GIVEN INFORMATION Block Start
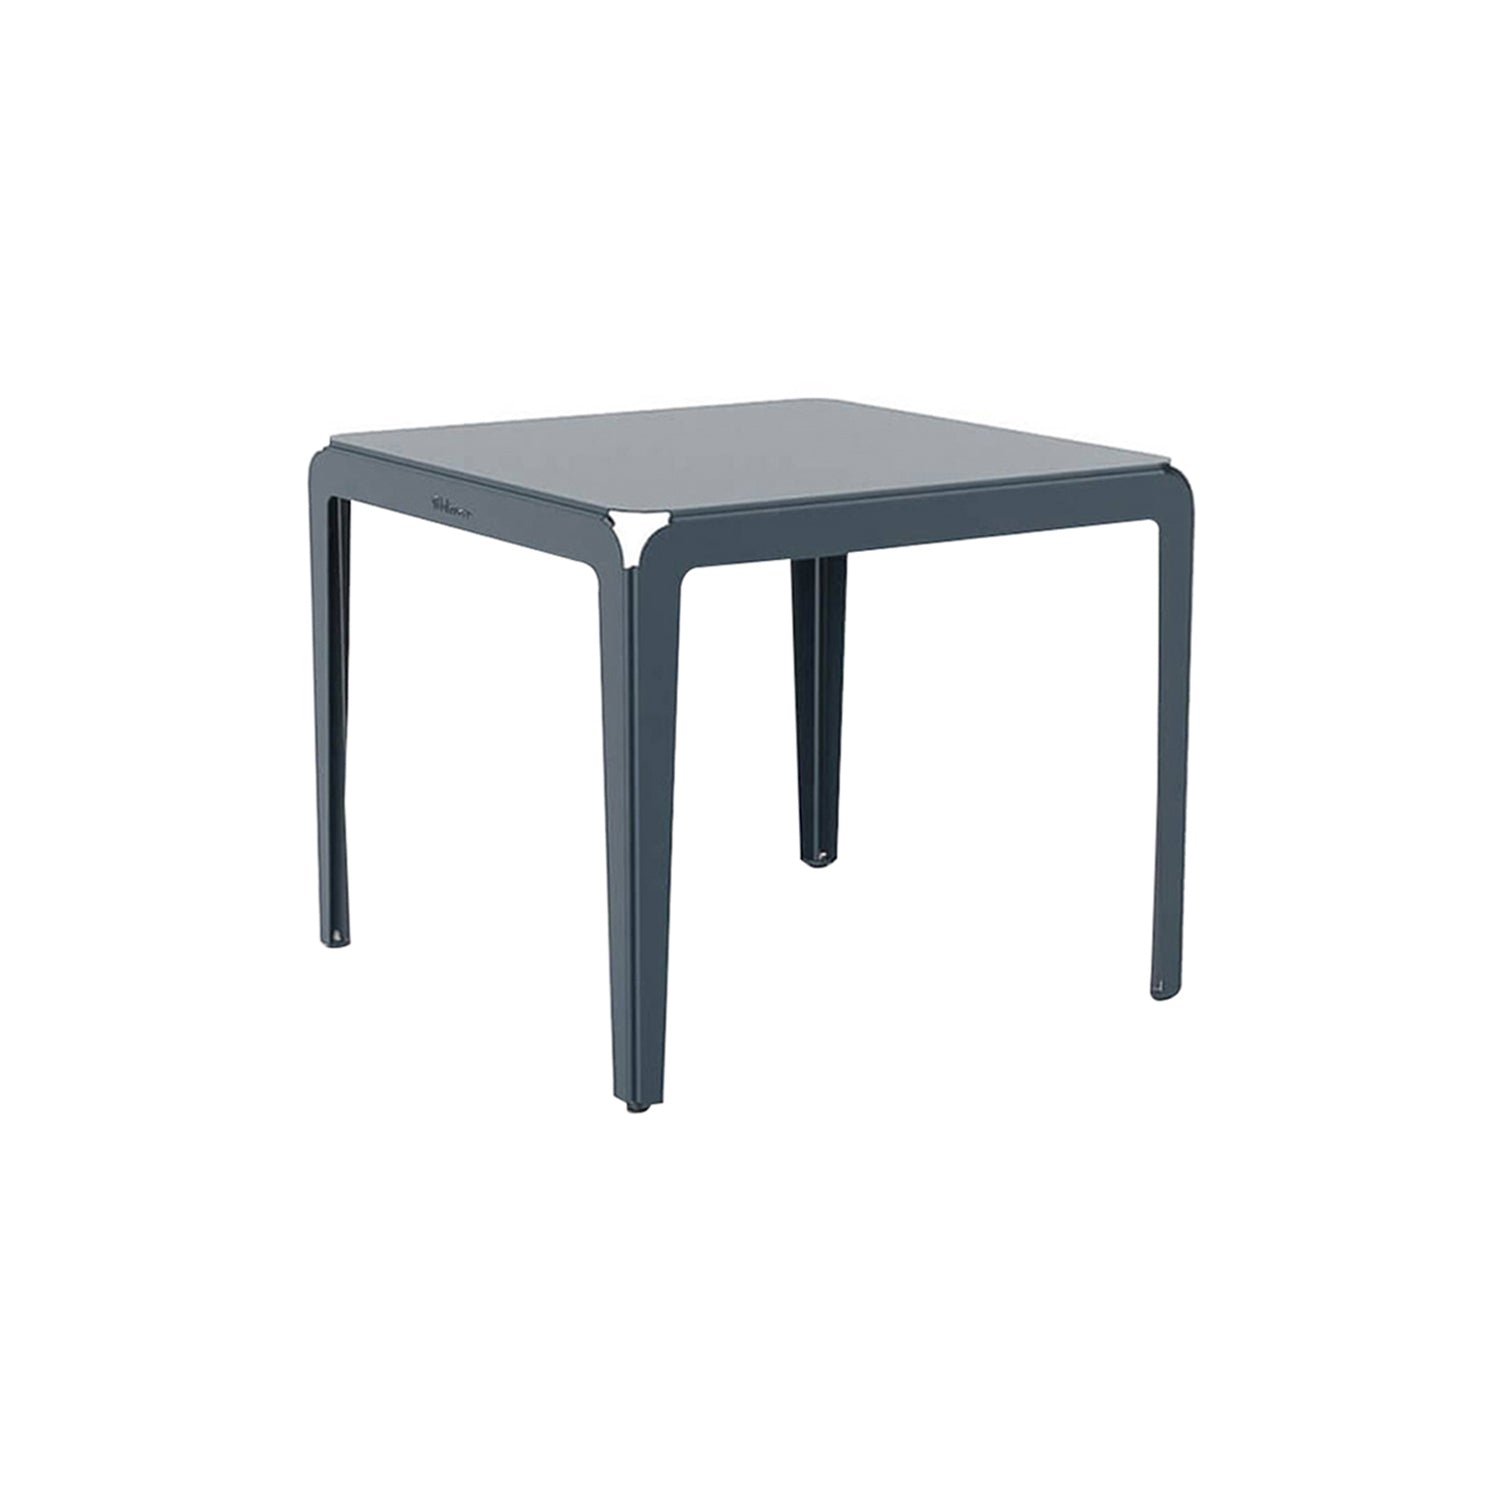 Bended Table: Outdoor + Small - 35.4
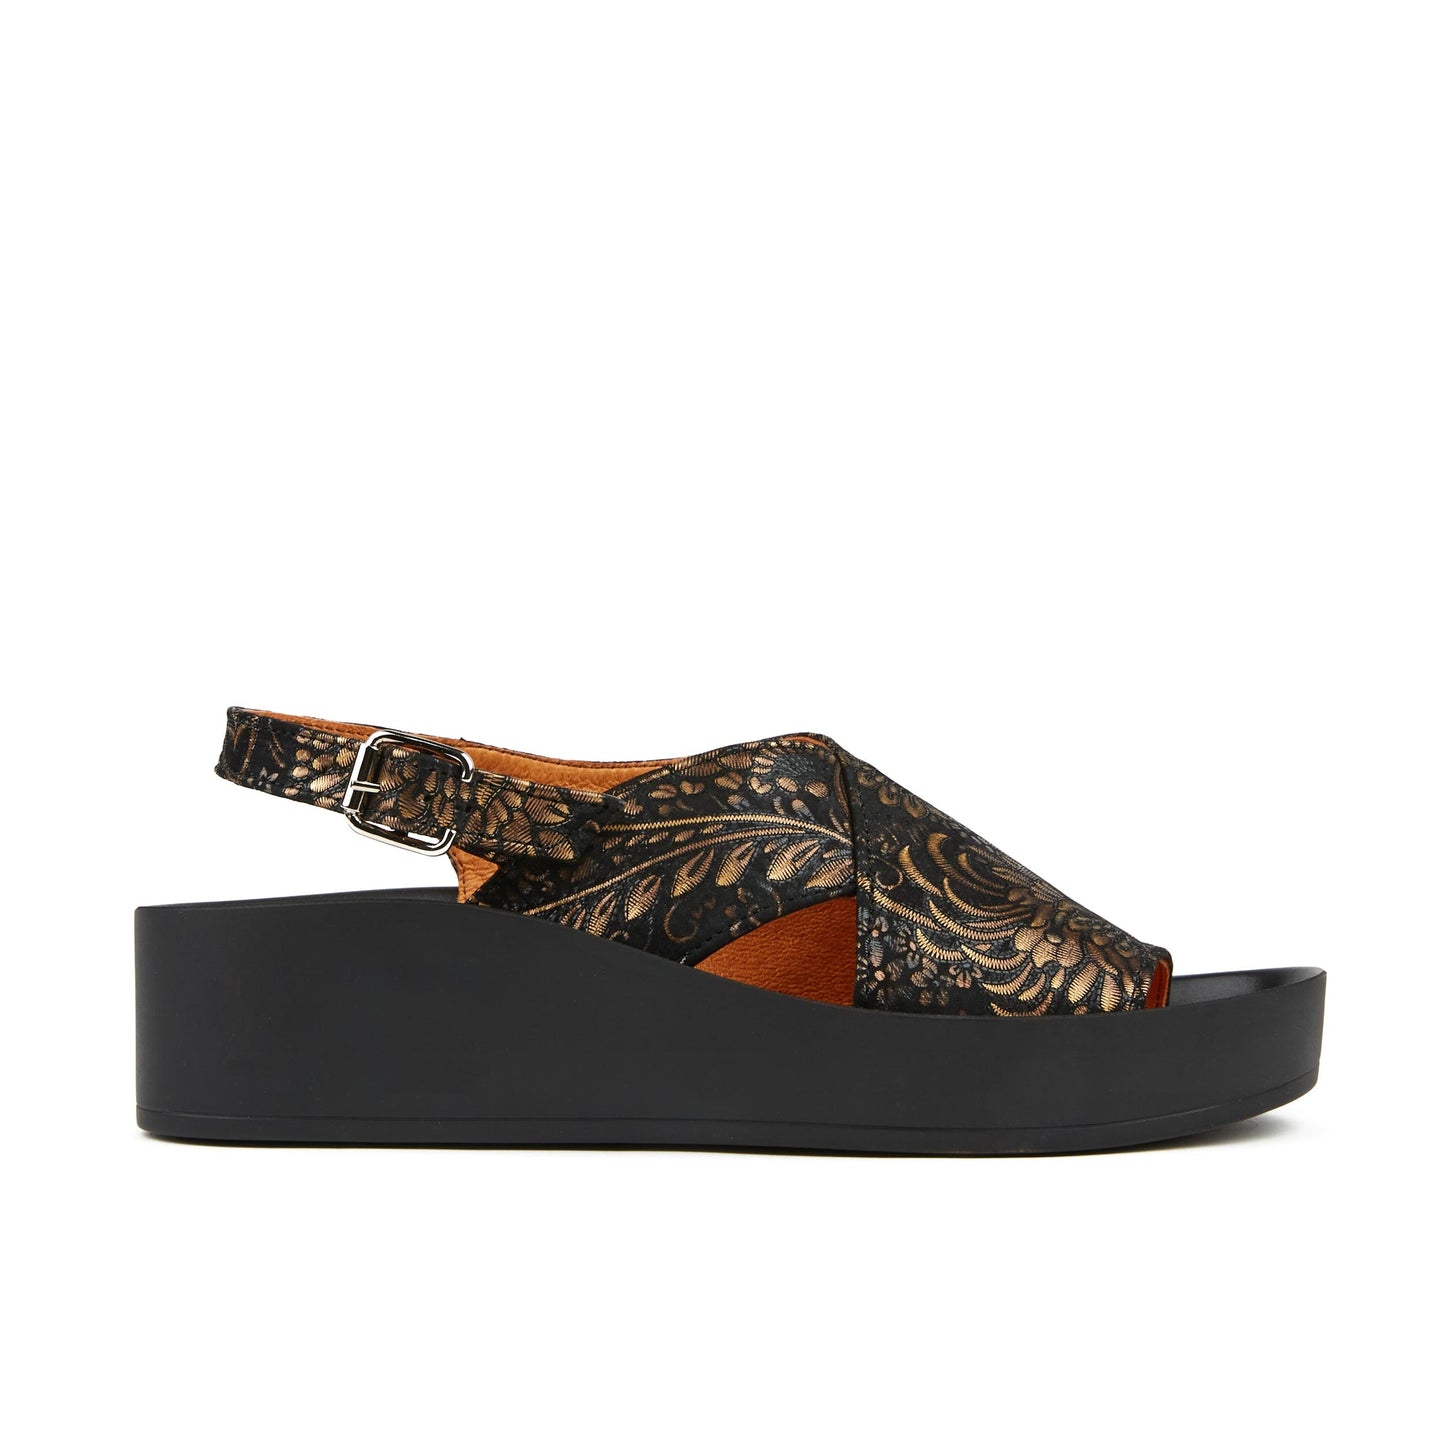 The Melody - Gold & Black Sandals Embassy London 
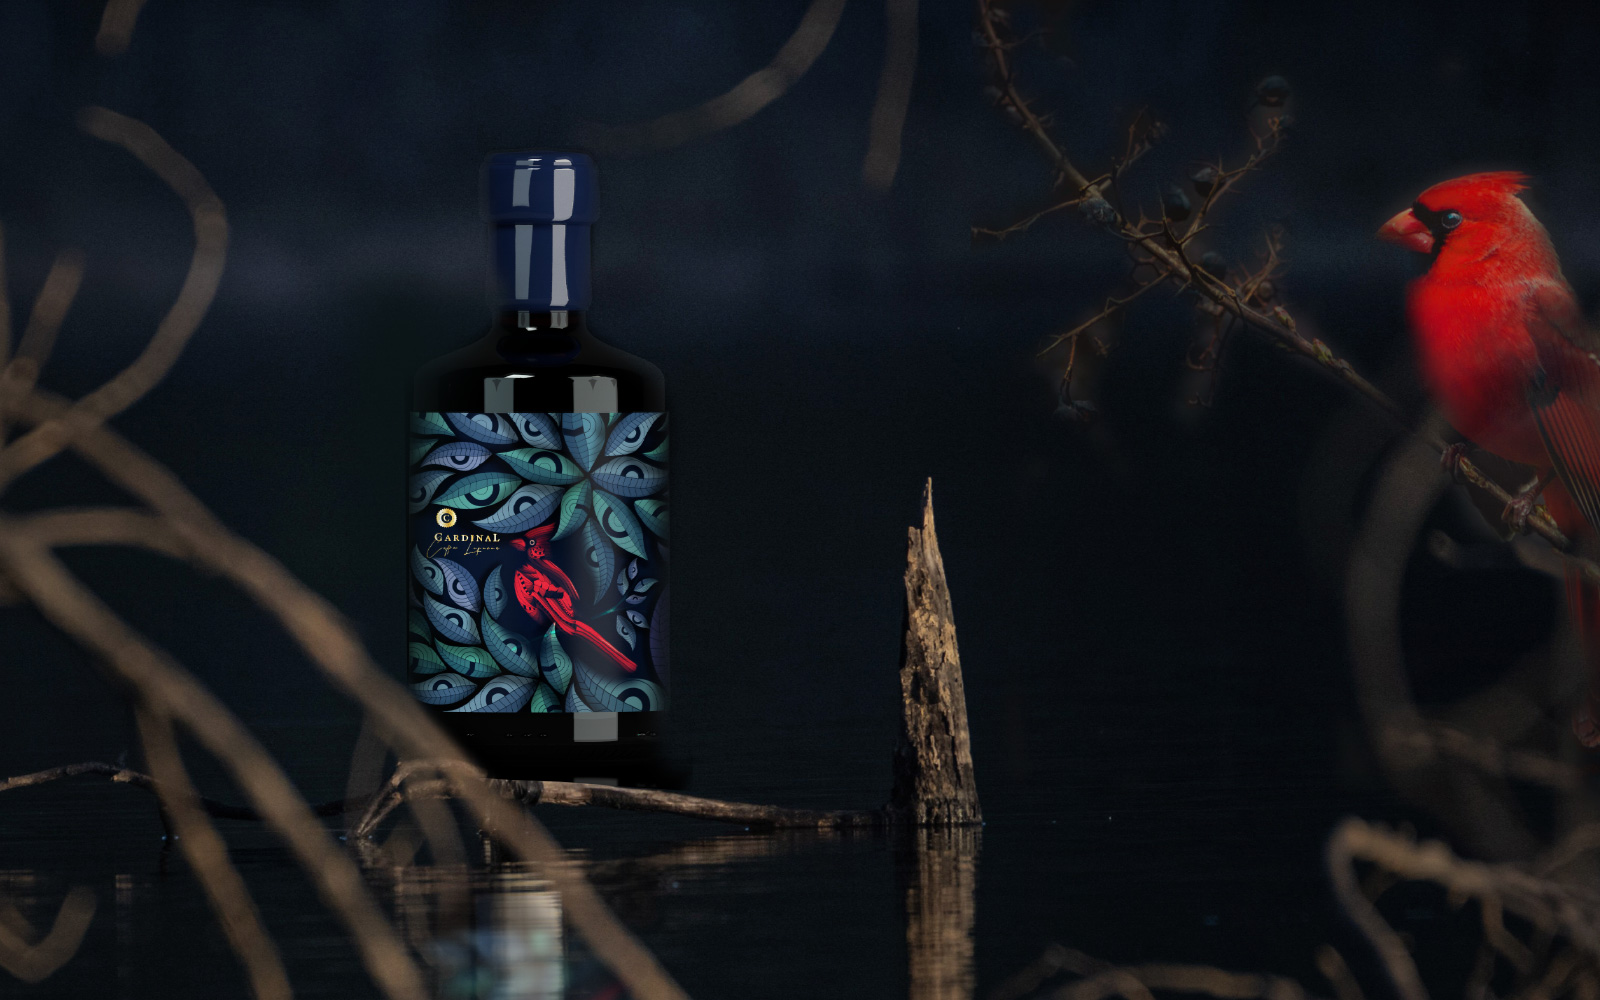 Cardinal coffee liqueur brand and packaging design by CreativeByDefinition Studio
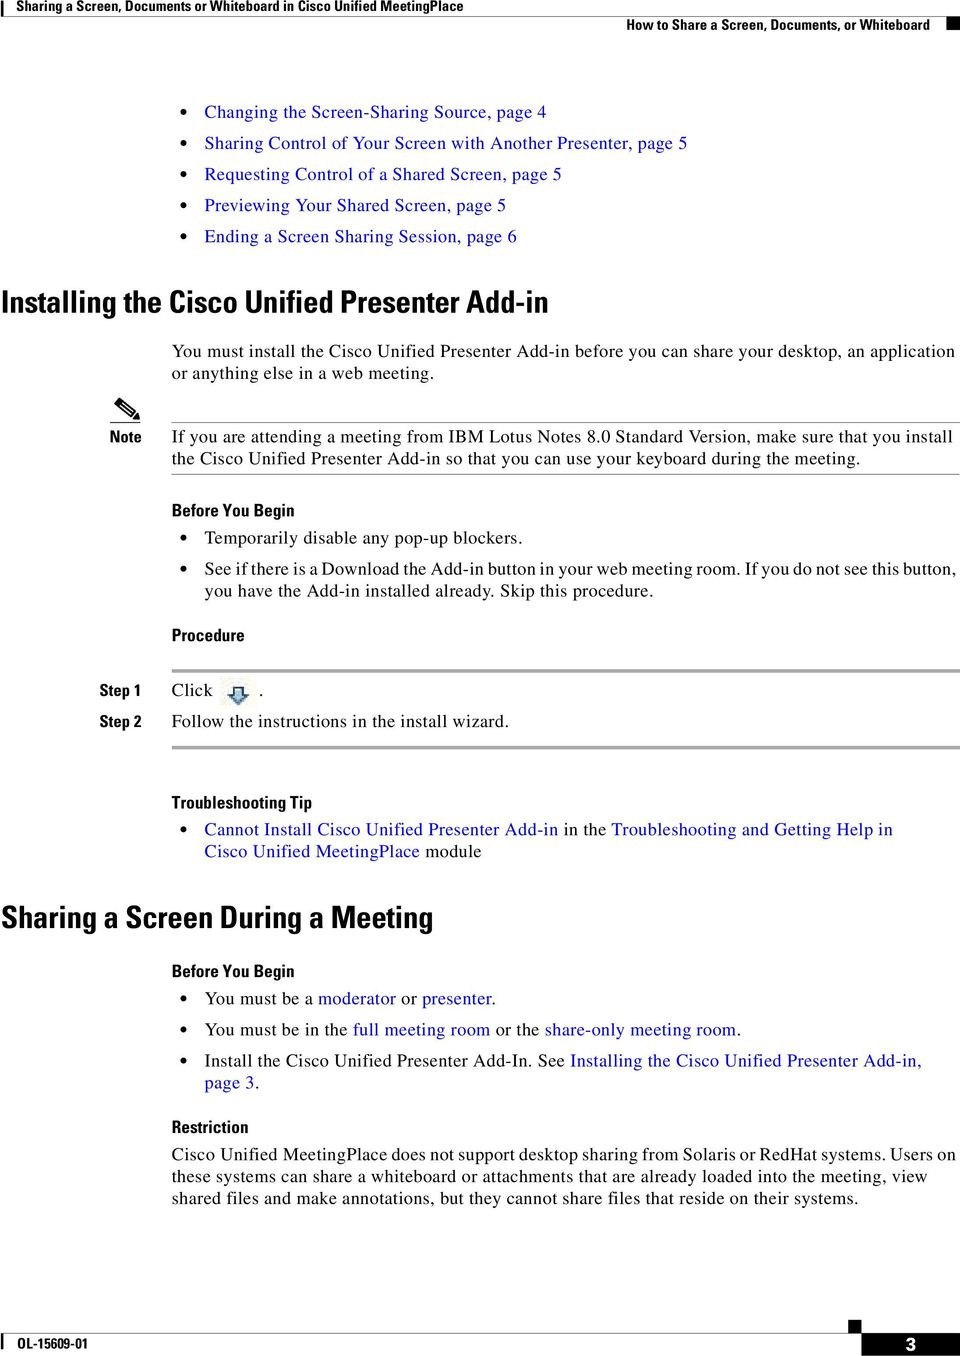 must install the Cisco Unified Presenter Add-in before you can share your desktop, an application or anything else in a web meeting. Note If you are attending a meeting from IBM Lotus Notes 8.
GIVEN INFORMATION Block End
WHAT YOU SHOULD DO:
Every line above is to be duplicated exactly; no picture should be carried over.

TASK ANSWER:
 Bended Table: Outdoor + Small - 35.4
 The Melody - Gold & Black Sandals Embassy London 
 Cardinal coffee liqueur brand and packaging design by CreativeByDefinition Studio
 must install the Cisco Unified Presenter Add-in before you can share your desktop, an application or anything else in a web meeting. Note If you are attending a meeting from IBM Lotus Notes 8.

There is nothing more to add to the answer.